__COLLECTED MATERIAL__:

----

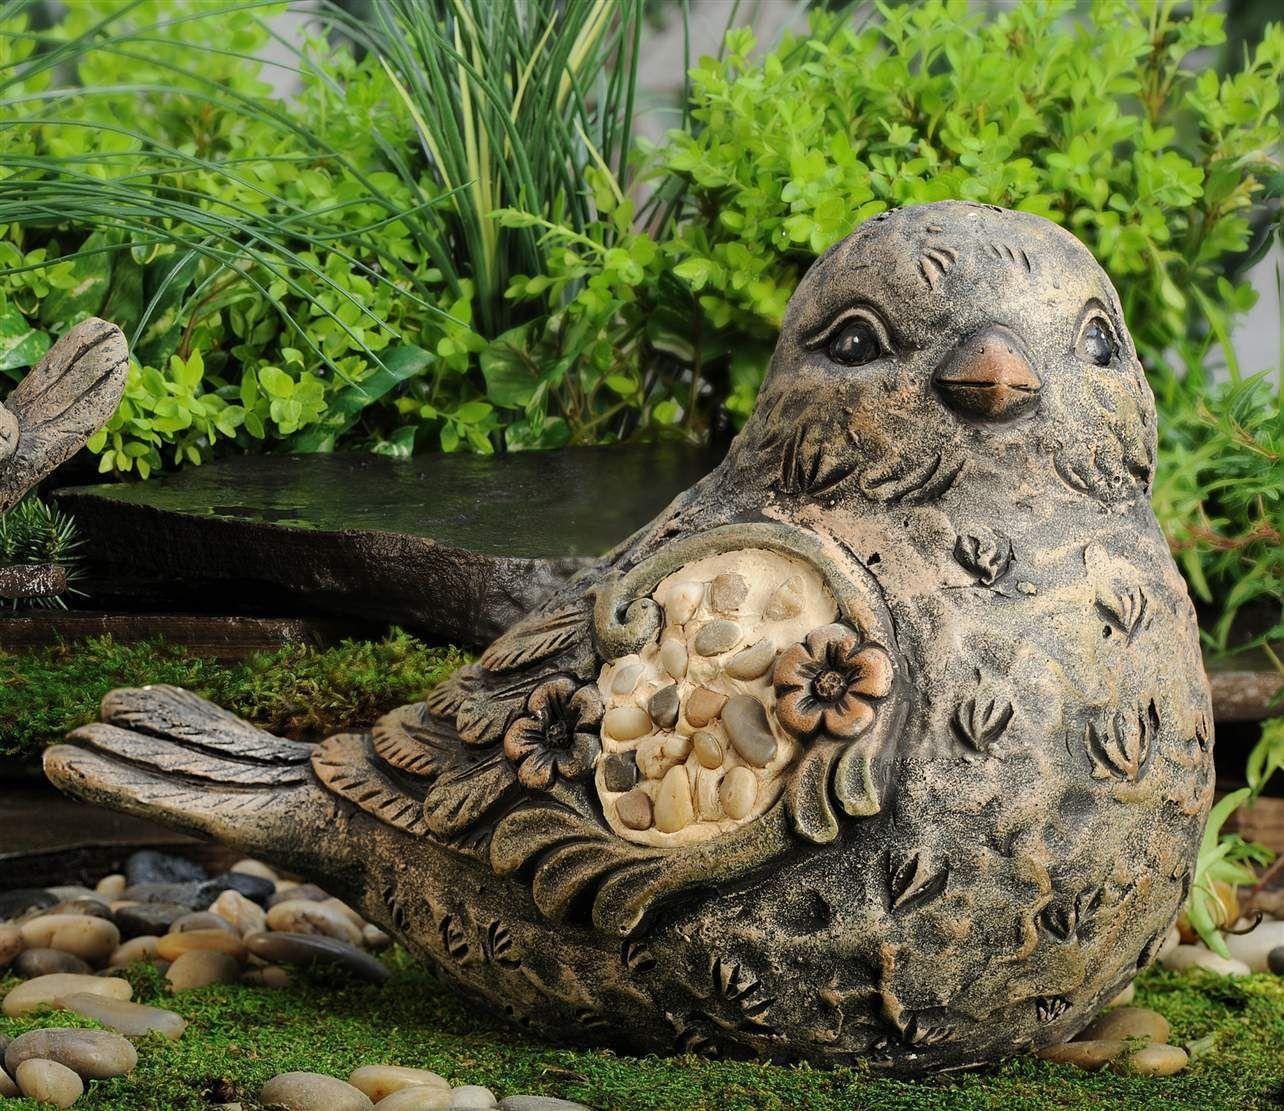 14 in.Magnesia BIRD figurine with River Stone garden pond decor ...
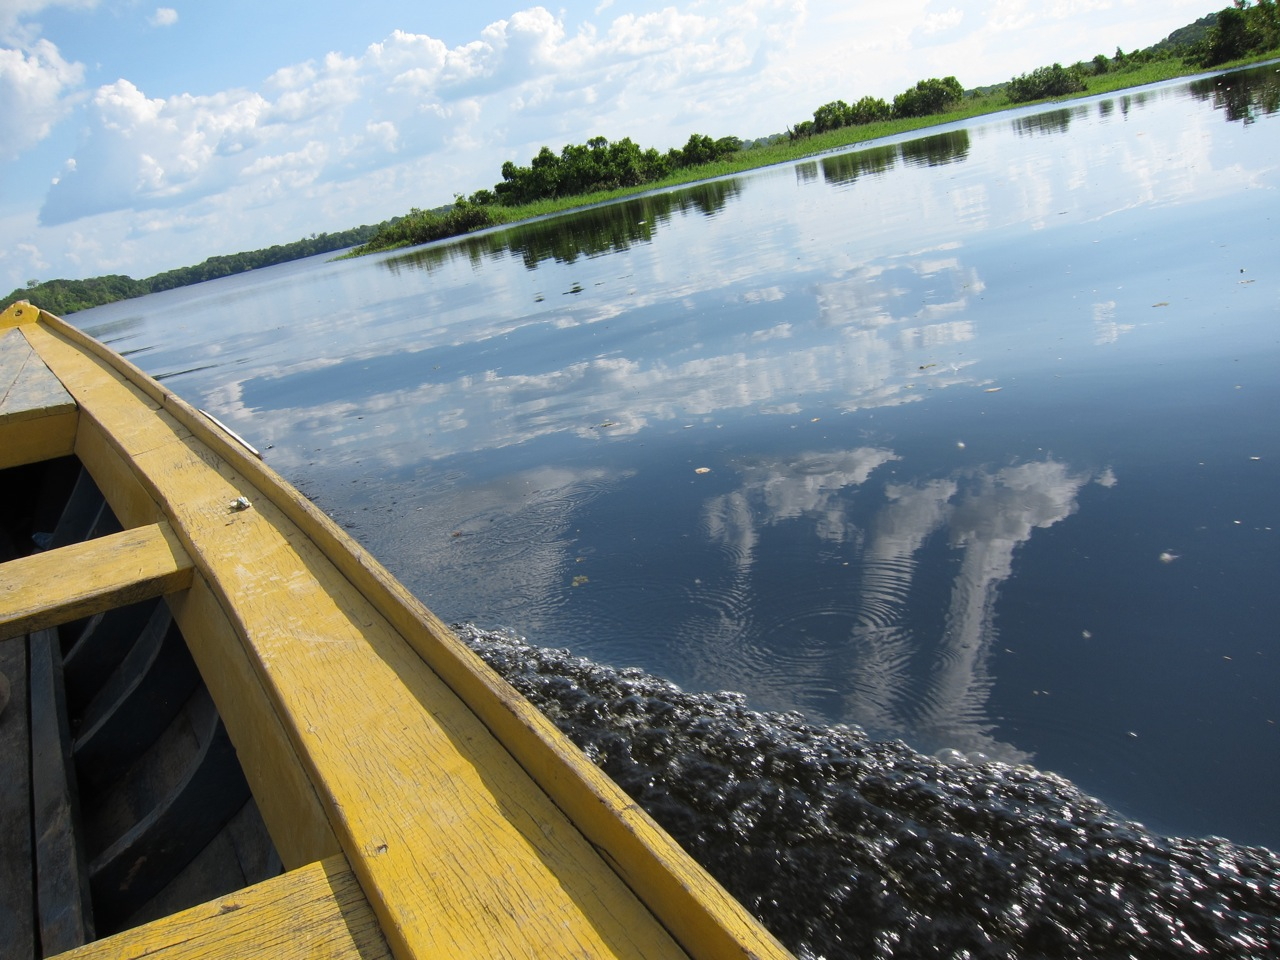 Amazon: River of life
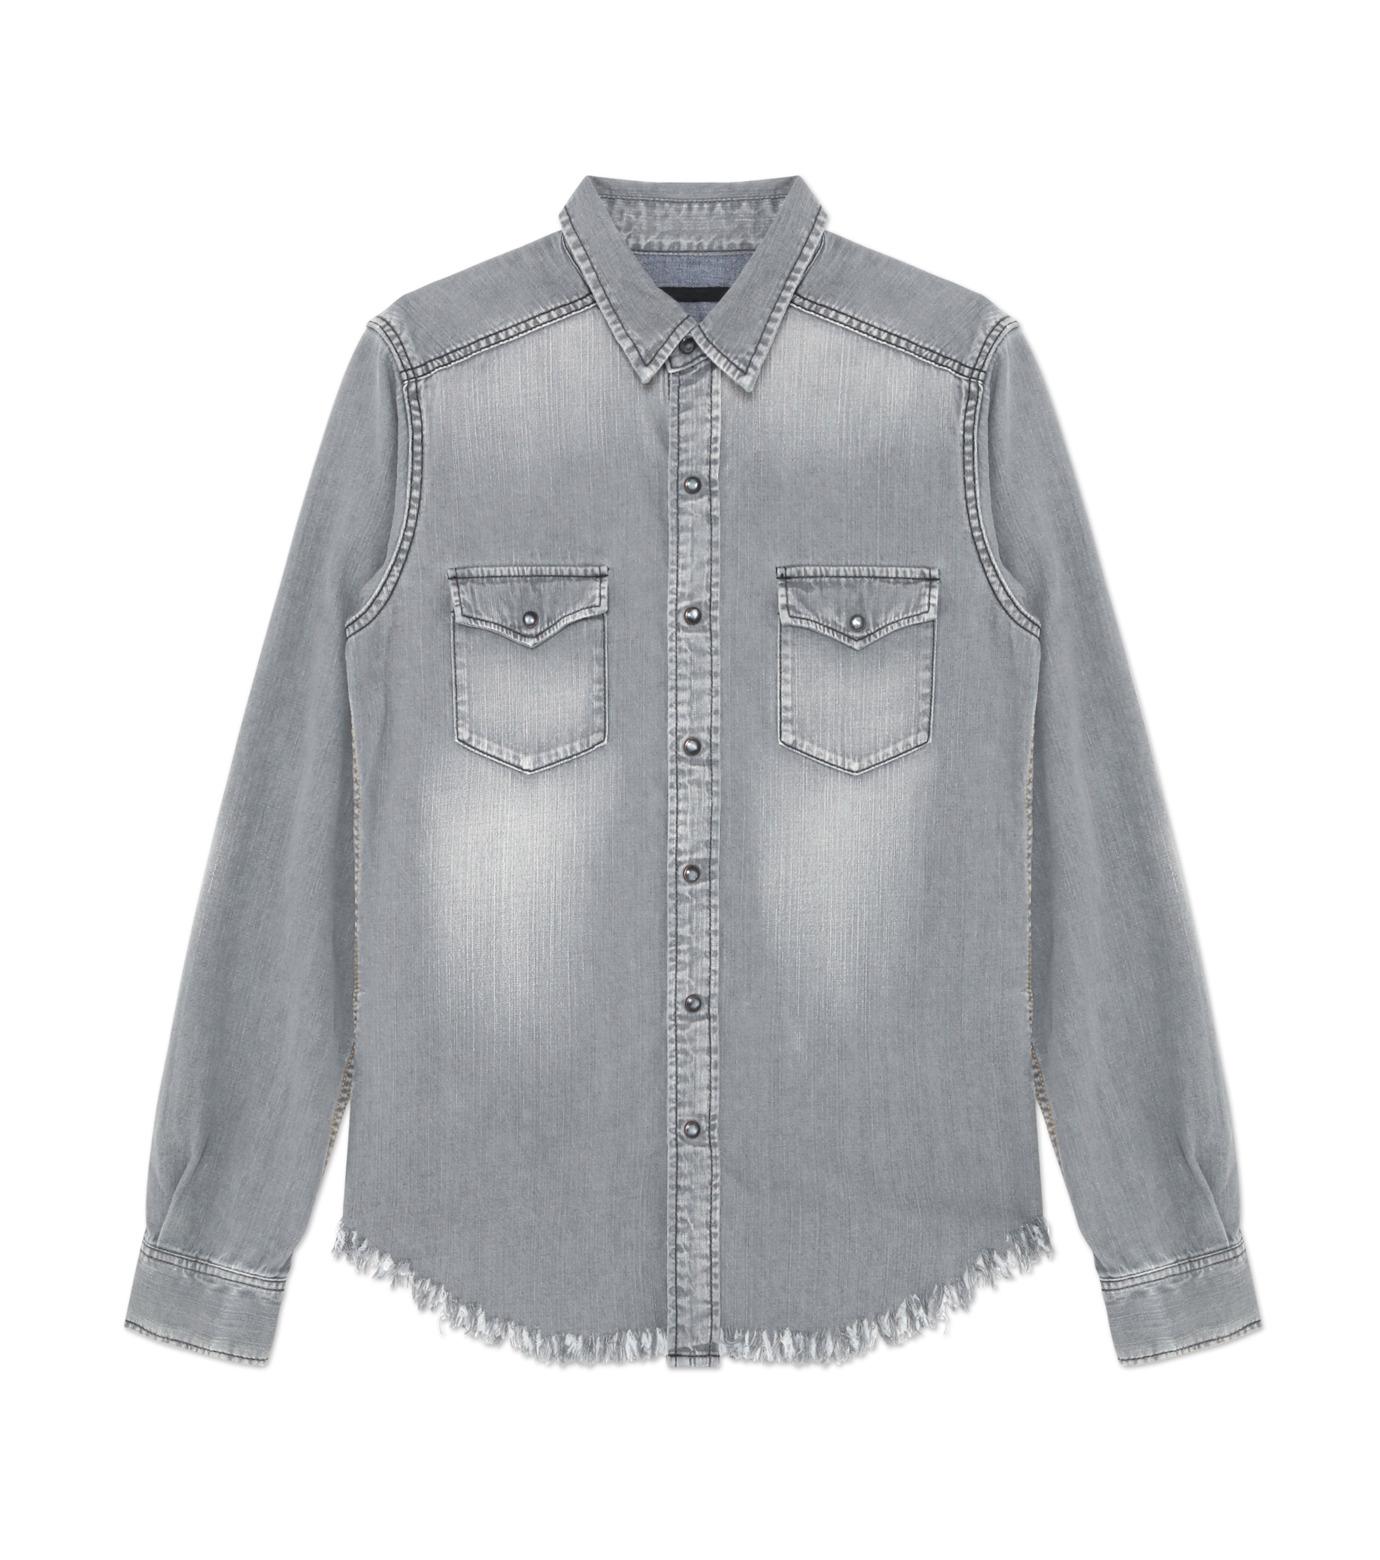 HL HEDDIE LOVU(エイチエル・エディールーヴ)のBK DENIM WASH SHIRT-GRAY(シャツ/shirt)-18S93004-11 拡大詳細画像1

----

__WHAT YOU SHOULD DO__:
Transcribe all of the data above exactly; no picture belongs in the copy.

__TASK OUTPUT__:
 14 in.Magnesia BIRD figurine with River Stone garden pond decor ...
 Amazon: River of life
 HL HEDDIE LOVU(エイチエル・エディールーヴ)のBK DENIM WASH SHIRT-GRAY(シャツ/shirt)-18S93004-11 拡大詳細画像1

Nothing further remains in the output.